BY DANIEL THIMONS, NOVEMBER 19, 2019
On November 11, the Apostolic Nuncio to the United States, Archbishop Christophe Pierre, addressed the USCCB General Assembly. In this address, he stated: “The pastoral thrust of this pontificate must reach the American people, especially as families continue to demand of dioceses and parishes the accompaniment envisioned by Amoris Laetitia.”
What exactly is this accompaniment that families are demanding? I pray that Archbishop Pierre is not referring to the practice of the bishops of Argentina, Germany, and Malta who defy Scripture and the unchangeable Tradition of the Church by granting Holy Communion to those in a public state of adultery—the divorced and civilly remarried.
As director of the Marriage and Family Life Office for two different dioceses in Ohio, since the publication of Amoris Laetitia, I have yet to witness any individuals or families demand Holy Communion for the divorced and civilly remarried. I have had a grand total of zero letters, zero emails, zero phone calls, and zero in-person meetings calling for Holy Communion for the divorced and civilly remarried. In three and a half years, not a single person has demanded, let alone asked, for such “accompaniment.”
I have been asked instead to provide pastoral accompaniment for the divorced, most especially for those who have been abandoned by their spouse. Numerous people have asked for help with challenges and difficulties in their marriage.
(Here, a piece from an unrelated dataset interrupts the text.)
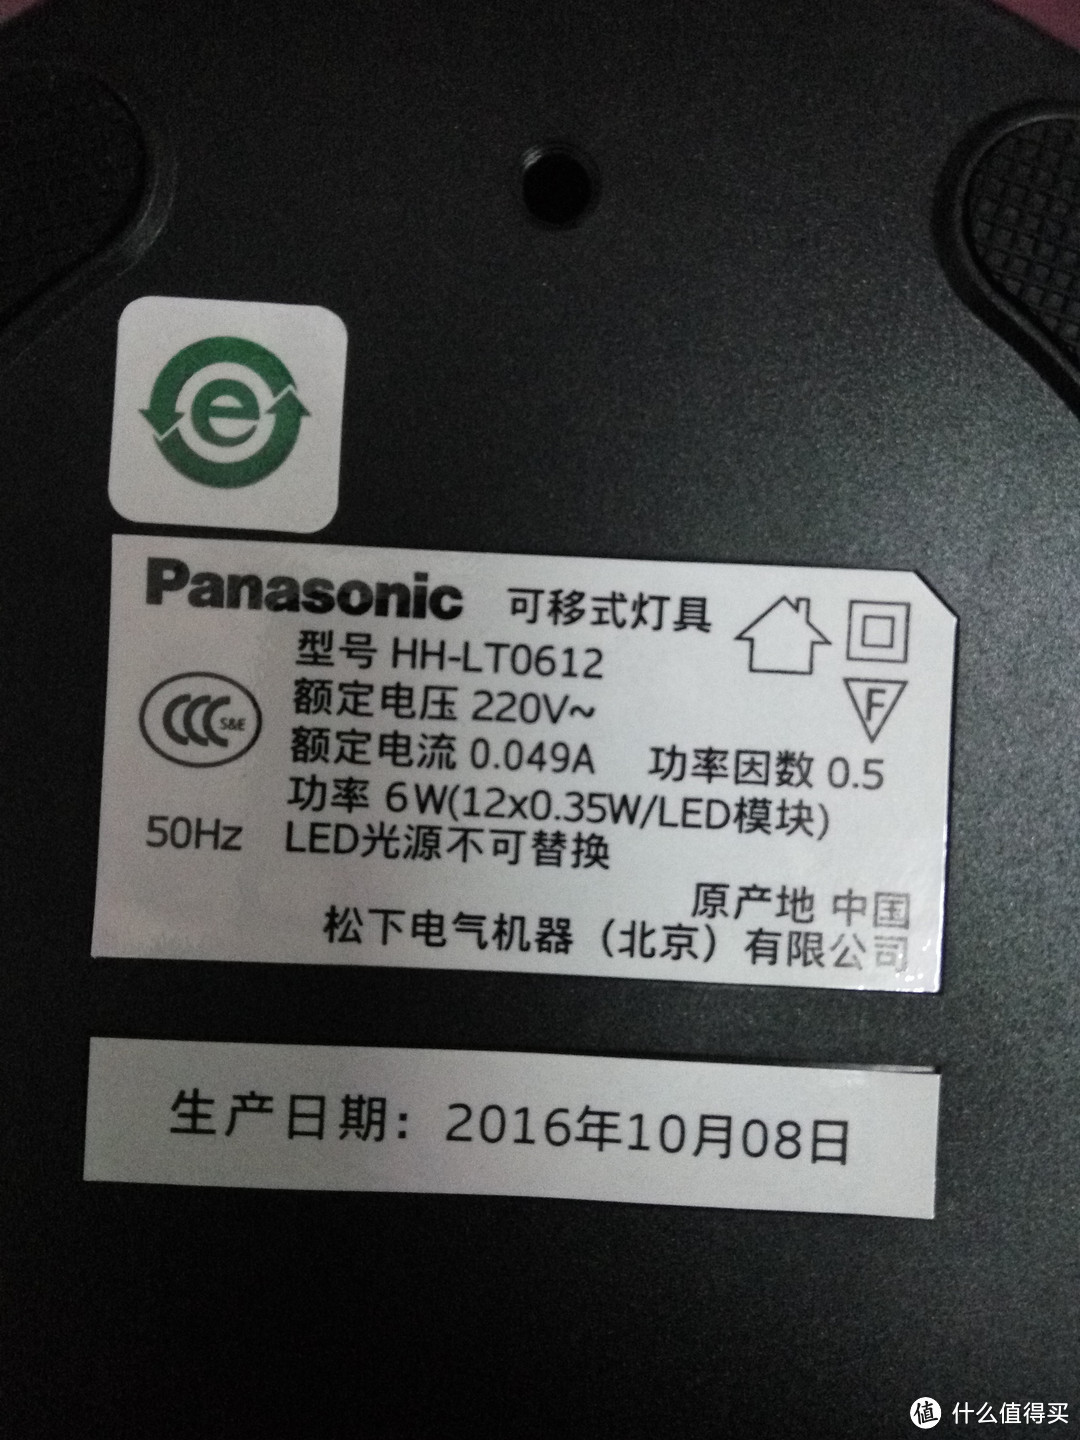 Panasonic 松下 HH-LT0612 六段无极调光台灯开箱体验
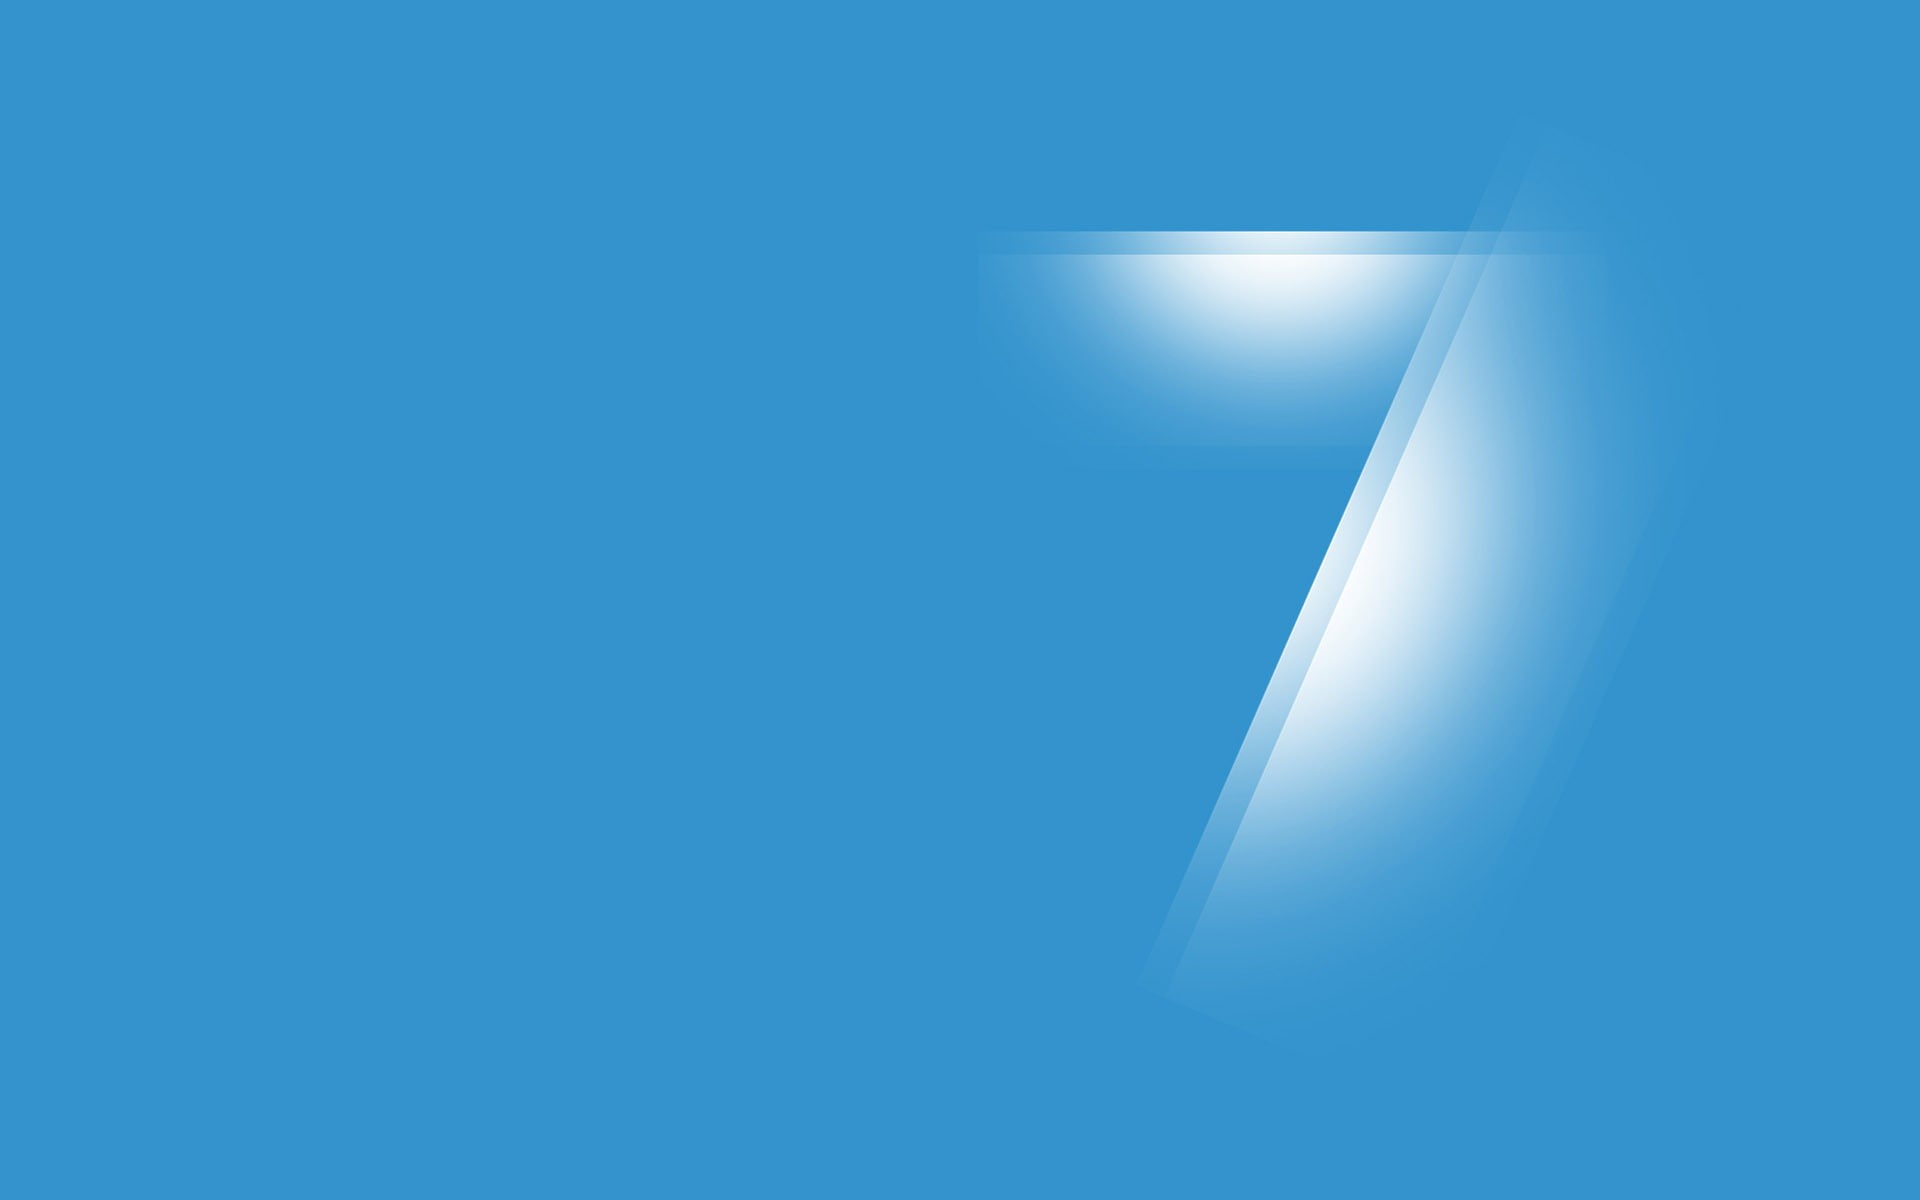 Windows 7, Microsoft Windows, minimalism, numbers, blue background

People have also asked for accompaniment and assistance in obtaining a declaration of nullity or a marriage convalidation. Several adults have contacted me because they continue to suffer the pain of having grown up with divorced parents.
I have been asked to provide help and healing for countless people who struggle with an addiction to pornography, or whose spouses are addicted. I have heard from individuals with same-sex attraction who have struggled for years to live a chaste life. The message of Fr. James Martin has made these men and women seek reassurance that their difficult struggle for chastity has not been in vain. I have encountered many people who are scandalized by active priests who are also active homosexuals.
Parents have asked for help imparting to their children the truth and meaning of human sexuality, the call to chastity, and the beautiful vision of Christian marriage. Hundreds of these parents have children who have decided to “marry” outside of the Church, embrace the homosexual lifestyle, or who now identify as transgender. Others have asked for assistance in removing highly grotesque sexualized literature from Catholic high schools. Still others have expressed concern that some Catholic school teachers are also active homosexuals. Sadly, one parent even lamented that faculty at a local Catholic high school encouraged children to embrace the homosexual lifestyle.
I have received numerous demands from families with children who have good reason to be angry that we still know nothing about how Theodore McCarrick rose to power in the Church. These families are demanding to know if Pope Francis knew about McCarrick’s predatory behavior when he lifted the restrictions that Pope Benedict placed on the ex-cardinal. People are demanding to know why we have yet to receive simple yes-or-no answers to the five dubia. And recently, the Amazon synod has awakened anger in a whole host of people, who are shocked and scandalized, demanding to know why idol worship was permitted to occur in the Vatican. Who will answer these continued demands?
Following this USCCB General Assembly, our bishops would do well to have conversations with and accompany families who are struggling to hand on the Catholic faith to their children in this time of great confusion. The bishops will discover that the actual demands of families go beyond what is envisioned in Amoris Laetitia. They will find that today’s families are in many ways “troubled and abandoned, like sheep without a shepherd.” Who will accompany these families and answer their continued demands?
Daniel Thimons is Director of the Office for Marriage and Family Life in the Archdiocese of Cincinnati. He previously held the same position for the Diocese of Columbus. The views expressed in his articles are his alone and do not necessarily reflect the views of the Archdiocese of Cincinnati.